The authors used an influential Christian moral social doctrine, synderesis, to bridge the gap between the two viewpoints. Synderesis is “an innate human habit that fosters moral judgment and triggers the virtue of practical reason” (Zollo et al., 2017, p. 682). Synderesis is the “correct habit that regulates intuition due to its innate nature and it is present in every individual.” (Zollo, Pellegrini and Ciappei, 2017, p. 690). It is our conscience.

In other words, morality is a synthesis of innate moral principles and cultural interpretation from these principles. At no point, however, was there any real thinking about the if and how of these principles, but merely assumed on the observation that all societies have the same basic moral values but interpreted differently. We could assume from that there would be closer and lesser interpretations of this objective and immovable law among the different cultures, although no such laws were ever really shown to exist. The variability of interpretation among cultures could yet arise as something other than variation from a law – an open question since we never really discovered the if and how of morality, and thus know nothing of its grounding. Instead, Thomason merely reasserts a metaphysical claim for which we have no knowledge. We see this error play out as she concludes:

These findings support the assertion that we have a conscience and a moral compass, which direct us to goodness. It follows that the source of our conscience is a benevolent, transcendent moral lawgiver. In the New Testament, the apostle Paul stated the following in Romans (2:15): “They show that the work of the law is written on their hearts, while their conscience also bears witness, and their conflicting thoughts accuse or even excuse them.”
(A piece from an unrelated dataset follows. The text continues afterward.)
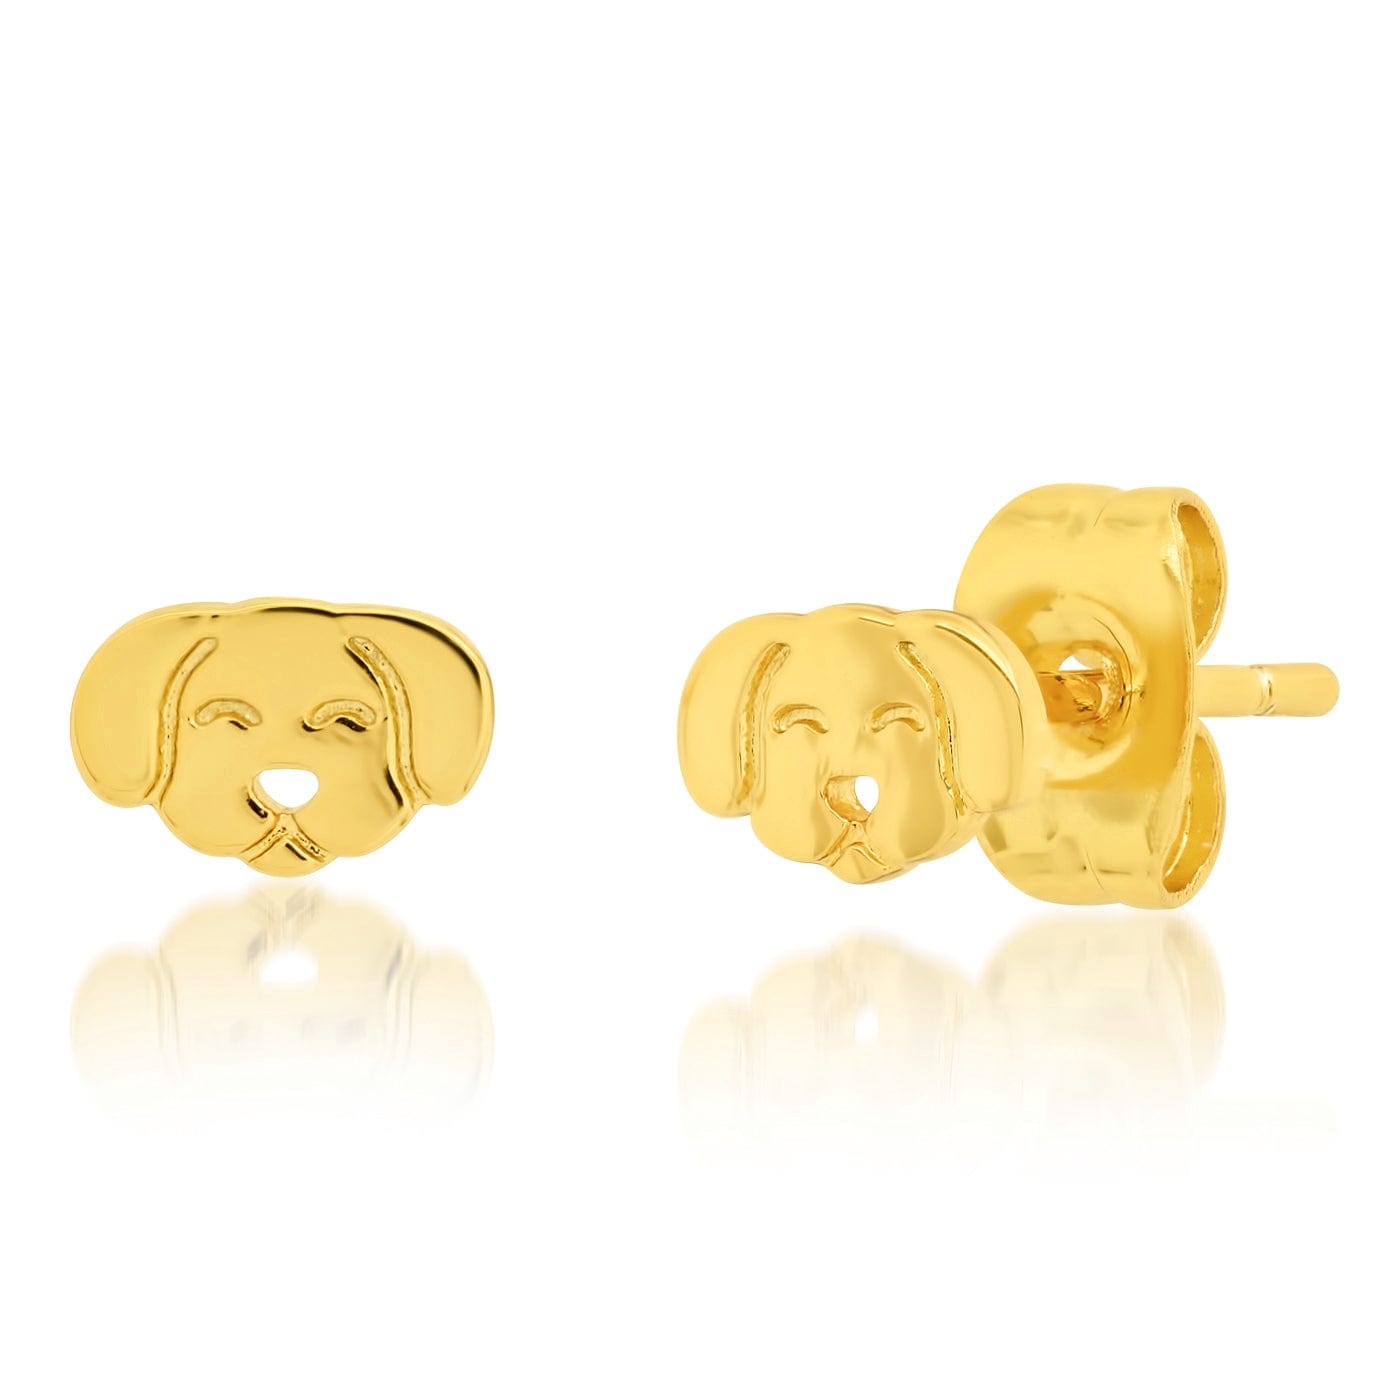 TAI JEWELRY Earrings Whimsical Gold Dog Studs

Her conclusion is a perfect encapsulation of the failure of moral thought through the present as the failure to ask the right questions. So, what might the right questions look like?

What in the essence of man would give rise to morality? This question is critical because we can only judge morality for man from our own nature. If we had the nature of a crocodile our sense of morality would derive from something quite different.

Is man as an evolving being in possession of evolved feelings that in adapting him for survival have the effect of what we feel as morality?

How would that faculty of morality actually work and why would it be susceptible to varying interpretations over time and place? What does the discernable arc of morality over the time from Leviticus and Deuteronomy to apparent greater value of individuality, tolerance and forgiveness reveal to us about the nature of morality and man?

And most fundamental and difficult of all, what in Being grounds this morality? Is there intention in Being toward which we evolve, and if so, what does that imply about genes themselves? Nobody yet has fathomed this genetic mystery as an expression of the essential nature of existence.

It would be so much more interesting to see apologists such as Thomason grapple with these questions first, and if not, then remain silent before what is not yet revealed in Being.